Energy Efficient and High Bandwidth Quantum Dot Comb Laser Based Silicon Microring Transmitter for Optical Interconnects

IF 4.3 2区工程技术 Q1 ENGINEERING, ELECTRICAL & ELECTRONIC

IEEE Journal of Selected Topics in Quantum Electronics Pub Date : 2024-07-23 DOI:10.1109/JSTQE.2024.3432313

Jiajian Chen;Bo Yang;Jiale Qin;Jingzhi Huang;Xiangru Cui;Jie Yan;Dingyi Wu;Xi Xiao;Zihao Wang;Changyuan Yu;Jianjun Zhang;Ting Wang

引用次数: 0

Abstract

Explosive development of artificial intelligence has recently driven strong demand of ultra-large bandwidth interconnects. Optical I/O is considered as a promising approach of implementing ultra-short link data transmission among computing chips. Here, we demonstrated an O-band 8 × 100 Gb/s transmitter based on single quantum dot mode-locked comb laser and arrayed 8-λ microring modulators. The semiconductor laser currently offers the lowest power consumption for multi-wavelength operation and the most compact footprint. All 8 comb channels are modulated at 100 Gbps, with total energy efficiency of the transmitter at 1.66 pJ/bit (laser source included).

查看原文本刊更多论文

用于光互连的基于硅微oring 发射器的高能效、高带宽量子点组合激光器

近来，人工智能的爆炸式发展推动了对超大带宽互连的强烈需求。光 I/O 被认为是在计算芯片间实现超短链路数据传输的一种前景广阔的方法。在这里，我们展示了一种基于单量子点锁模梳状激光器和阵列式 8-λ 微光调制器的 O 波段 8 × 100 Gb/s 发射器。目前，这种半导体激光器在多波长工作时功耗最低，体积最紧凑。所有 8 个梳状通道的调制速率均为 100 Gbps，发射器的总能效为 1.66 pJ/bit（包括激光源）。

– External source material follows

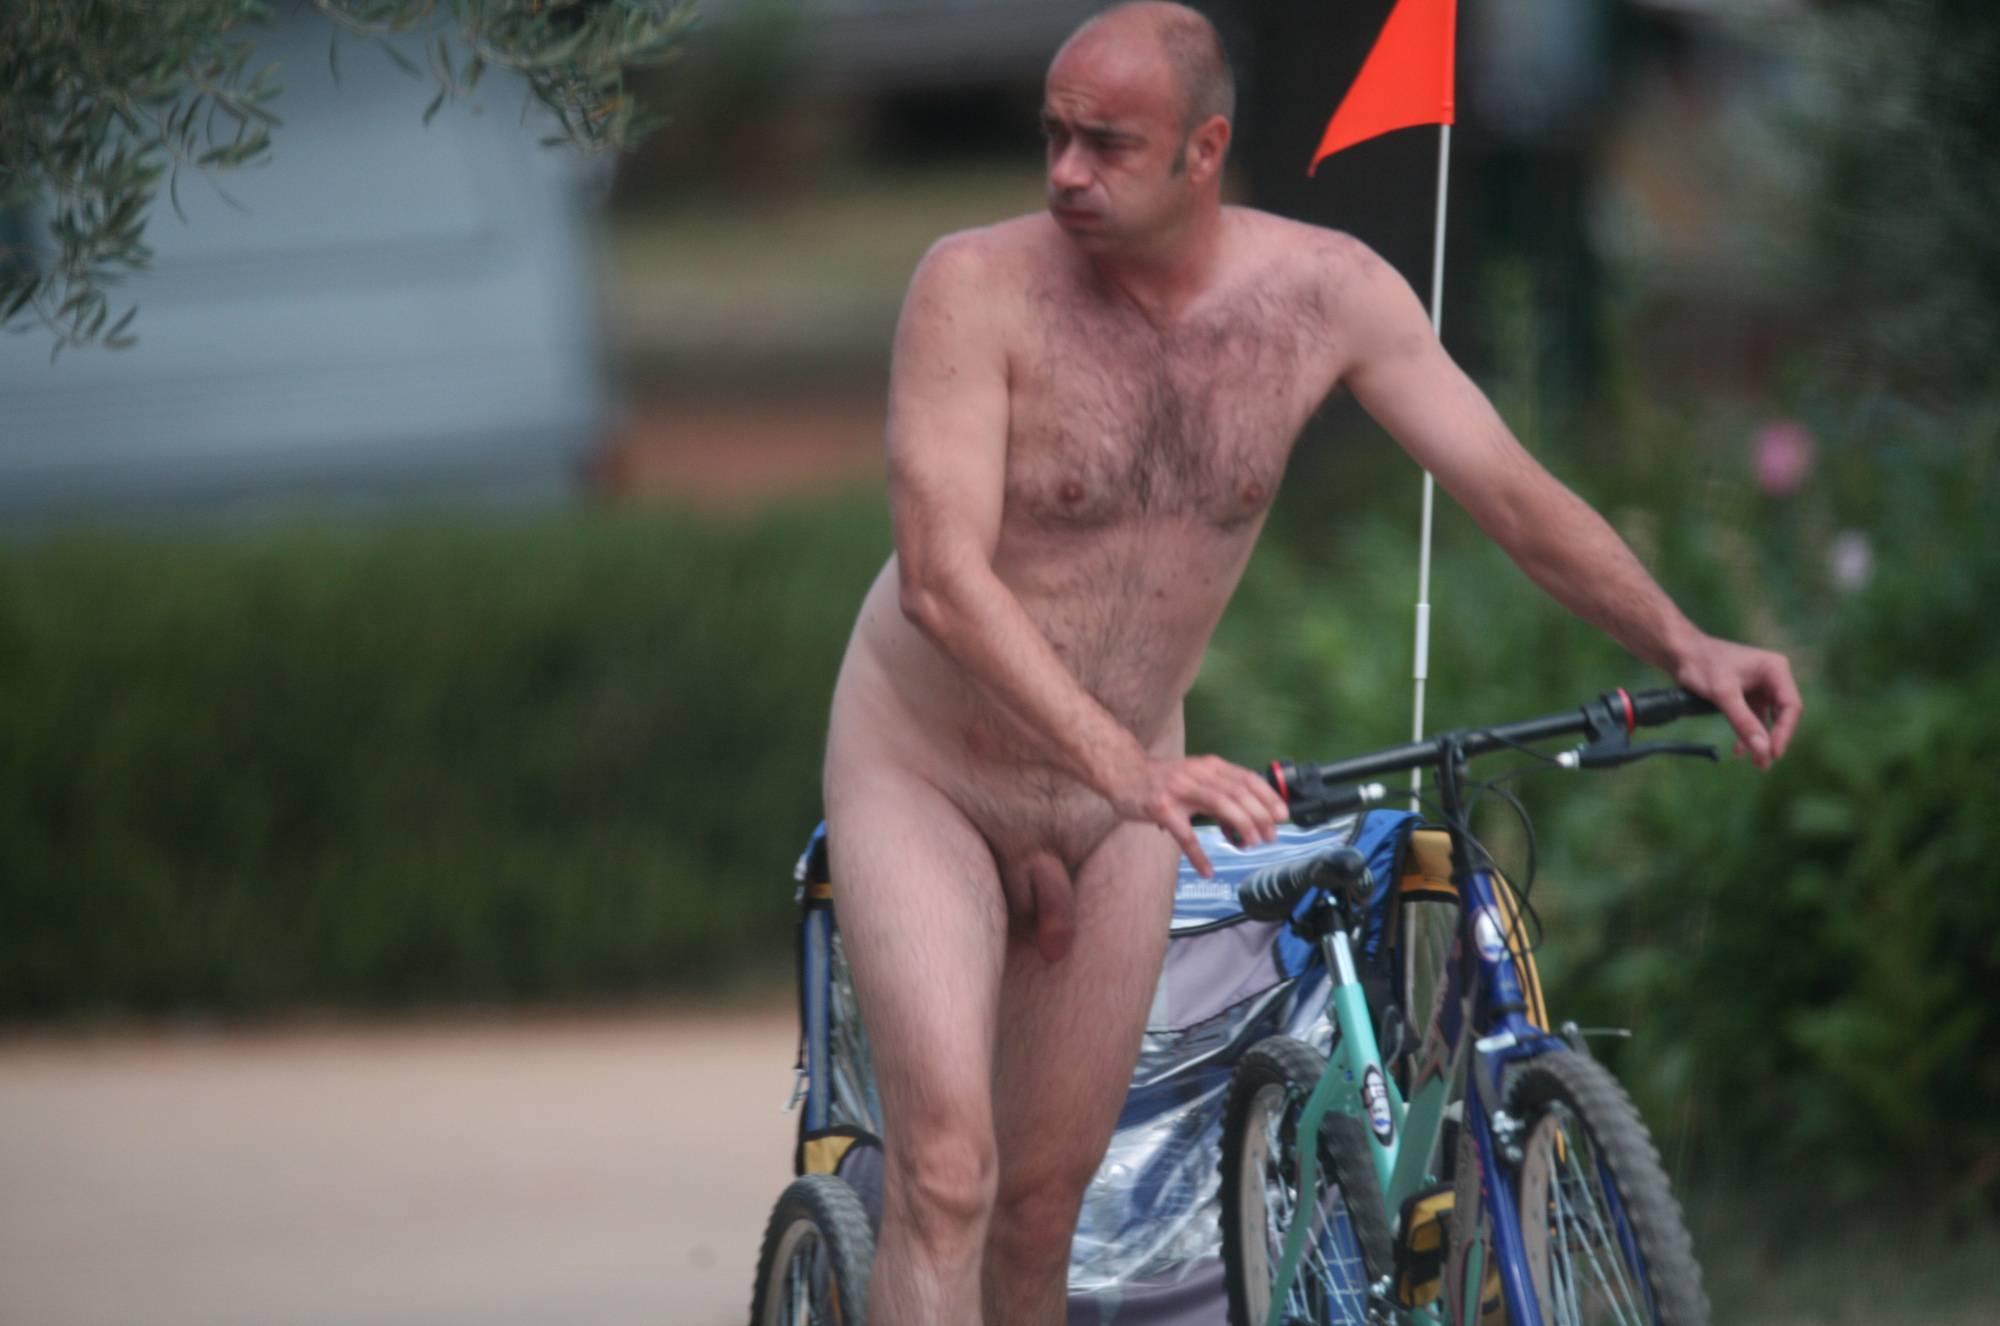 Purenudism Gallery Nude Club Outdoor Biking - 2

本文章由计算机程序翻译，如有差异，请以英文原文为准。

求助全文

约1分钟内获得全文求助全文

来源期刊

IEEE Journal of Selected Topics in Quantum Electronics 工程技术-工程：电子与电气

CiteScore

10.60

自引率

2.00%

发文量

212

审稿时长

3 months

期刊介绍： Papers published in the IEEE Journal of Selected Topics in Quantum Electronics fall within the broad field of science and technology of quantum electronics of a device, subsystem, or system-oriented nature. Each issue is devoted to a specific topic within this broad spectrum. Announcements of the topical areas planned for future issues, along with deadlines for receipt of manuscripts, are published in this Journal and in the IEEE Journal of Quantum Electronics. Generally, the scope of manuscripts appropriate to this Journal is the same as that for the IEEE Journal of Quantum Electronics. Manuscripts are published that report original theoretical and/or experimental research results that advance the scientific and technological base of quantum electronics devices, systems, or applications. The Journal is dedicated toward publishing research results that advance the state of the art or add to the understanding of the generation, amplification, modulation, detection, waveguiding, or propagation characteristics of coherent electromagnetic radiation having sub-millimeter and shorter wavelengths. In order to be suitable for publication in this Journal, the content of manuscripts concerned with subject-related research must have a potential impact on advancing the technological base of quantum electronic devices, systems, and/or applications. Potential authors of subject-related research have the responsibility of pointing out this potential impact. System-oriented manuscripts must be concerned with systems that perform a function previously unavailable or that outperform previously established systems that did not use quantum electronic components or concepts. Tutorial and review papers are by invitation only.